Exercise details:
Produce a word-for-word copy of the line that contains "The beauty of a single rose" and each line after it through the end of the material, omitting pictures and all other lines.

Given material:
________________

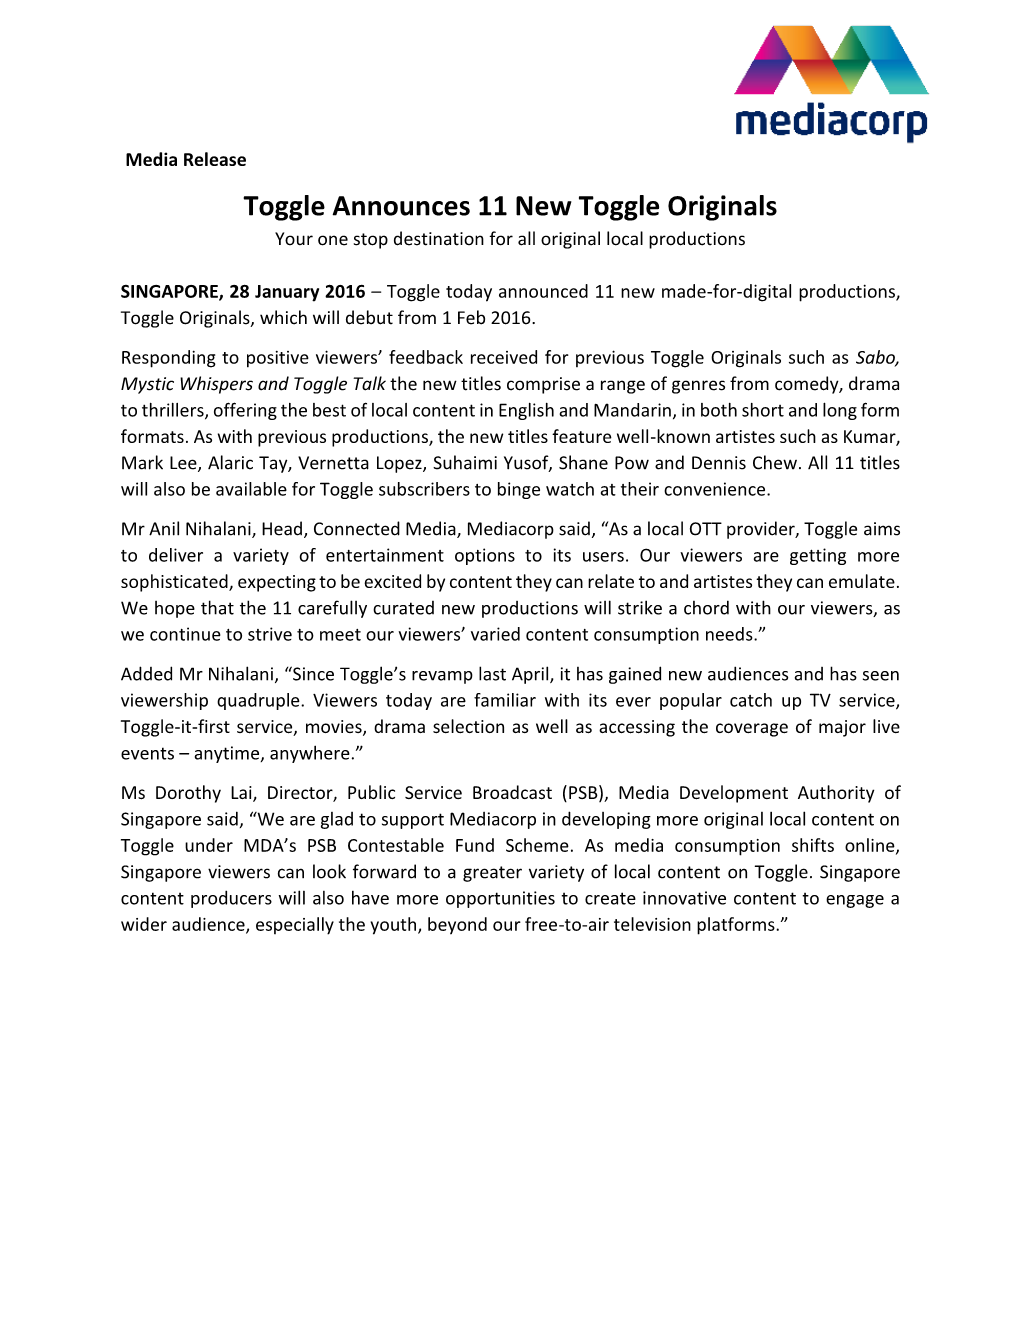 Toggle Announces 11 New Toggle Originals Your One Stop Destination for All Original Local Productions
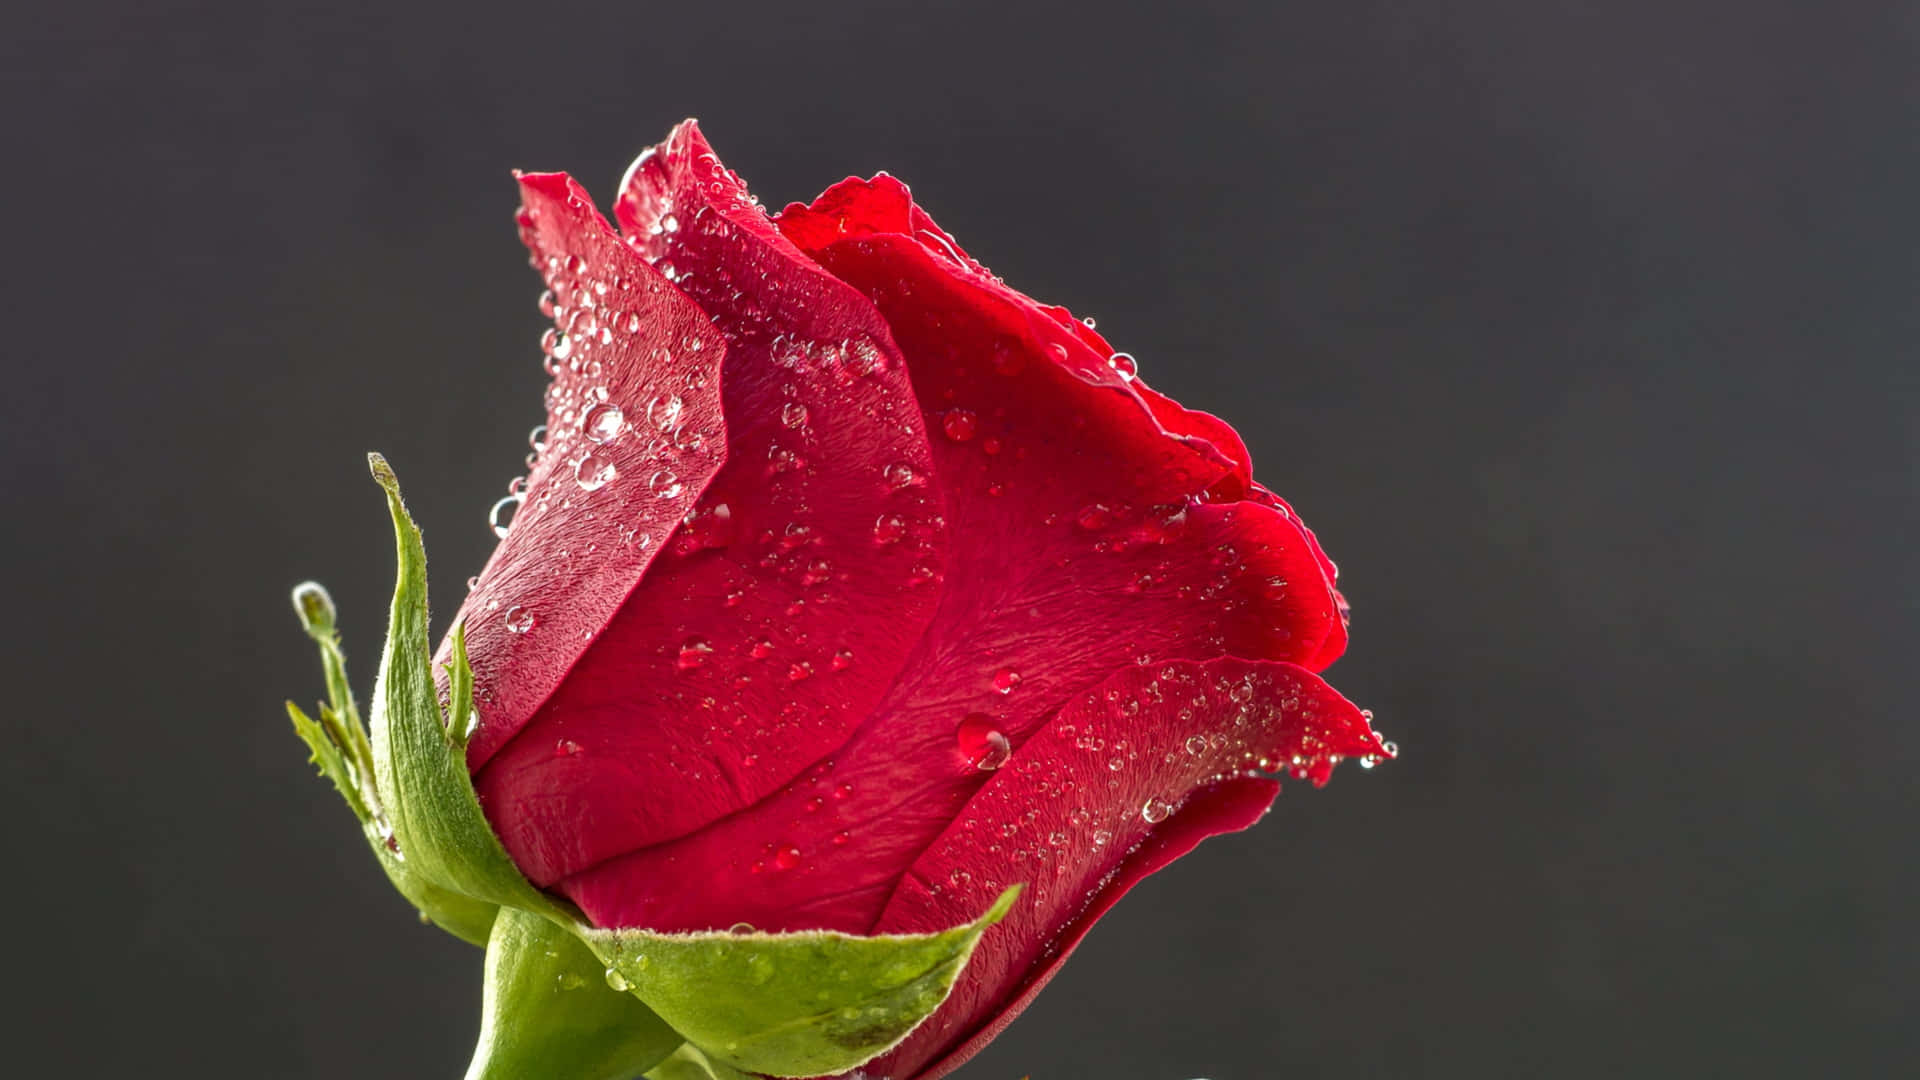 The beauty of a single rose
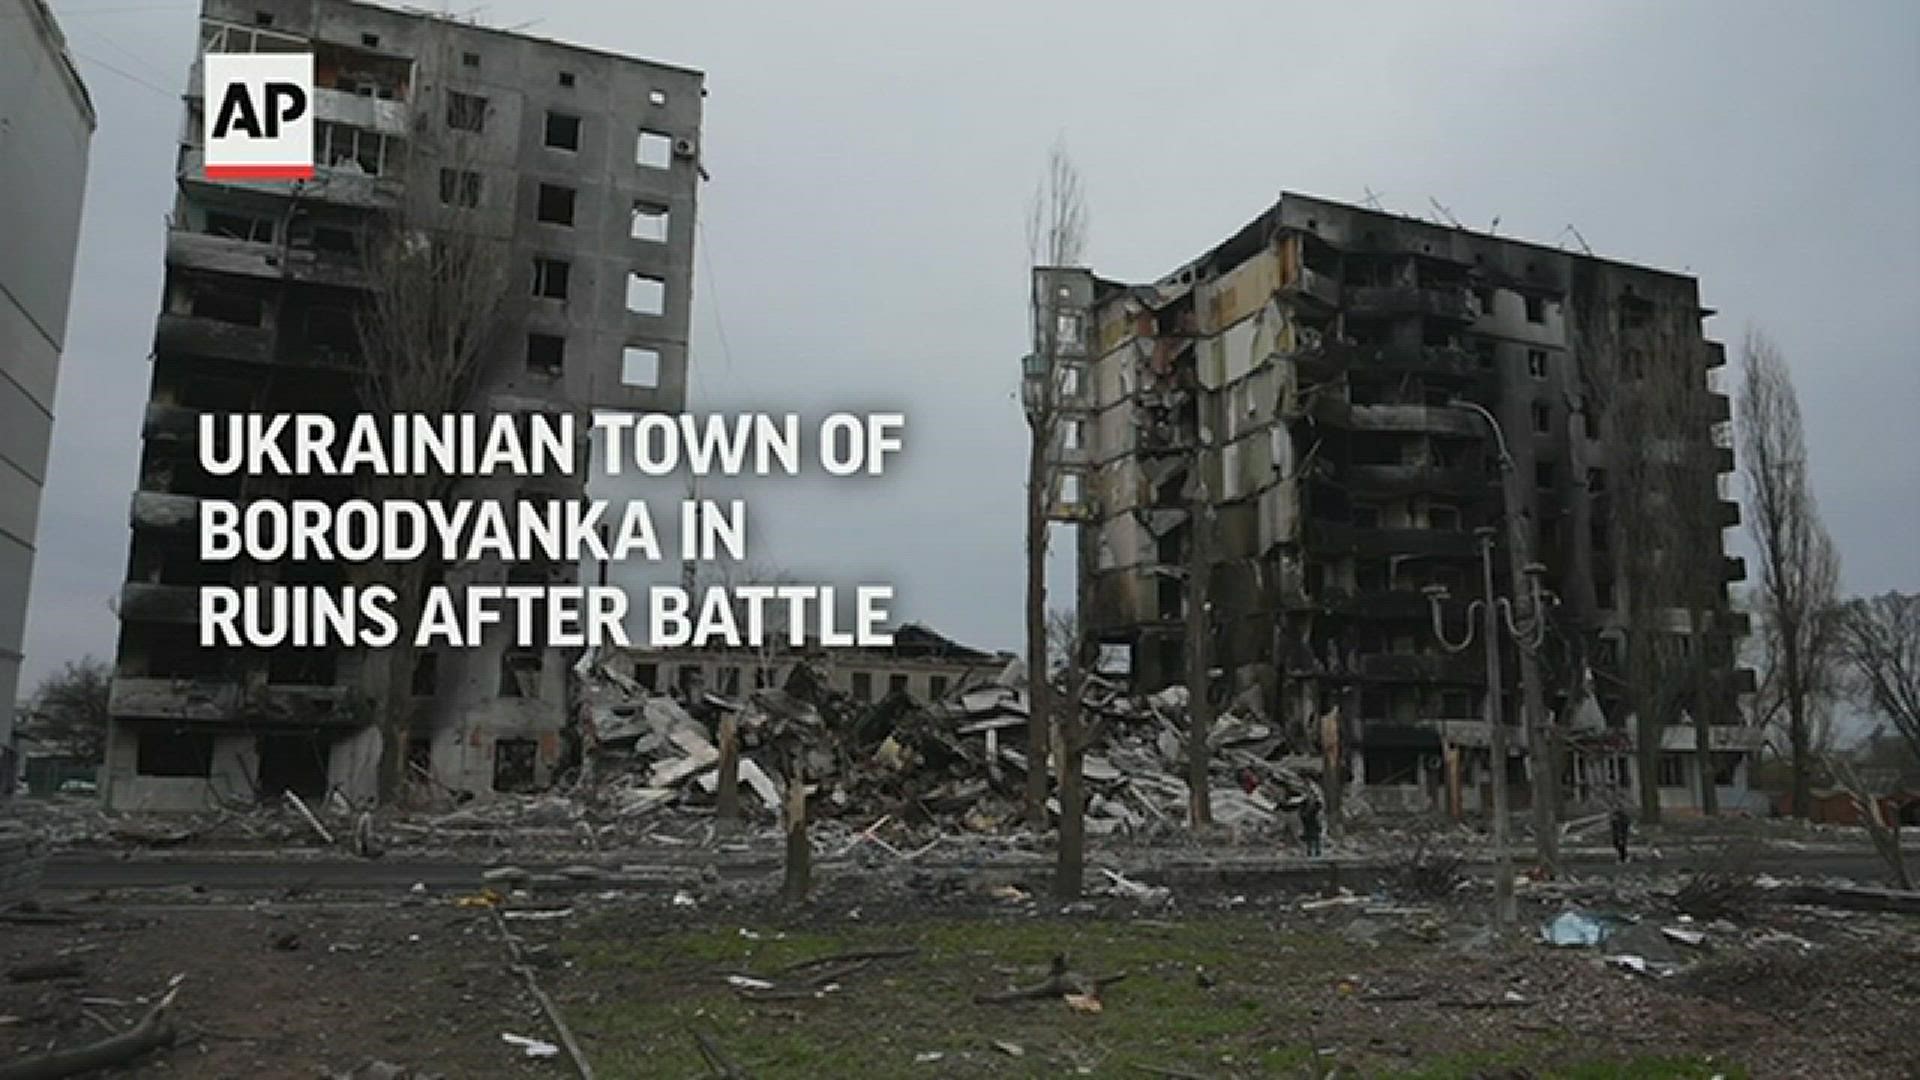 Several apartment buildings were destroyed during fighting between Russian troops and Ukrainian forces in Borodyanka, about 40 miles northwest of Kyiv.

________________

Task solution:
 The beauty of a single rose
 Several apartment buildings were destroyed during fighting between Russian troops and Ukrainian forces in Borodyanka, about 40 miles northwest of Kyiv.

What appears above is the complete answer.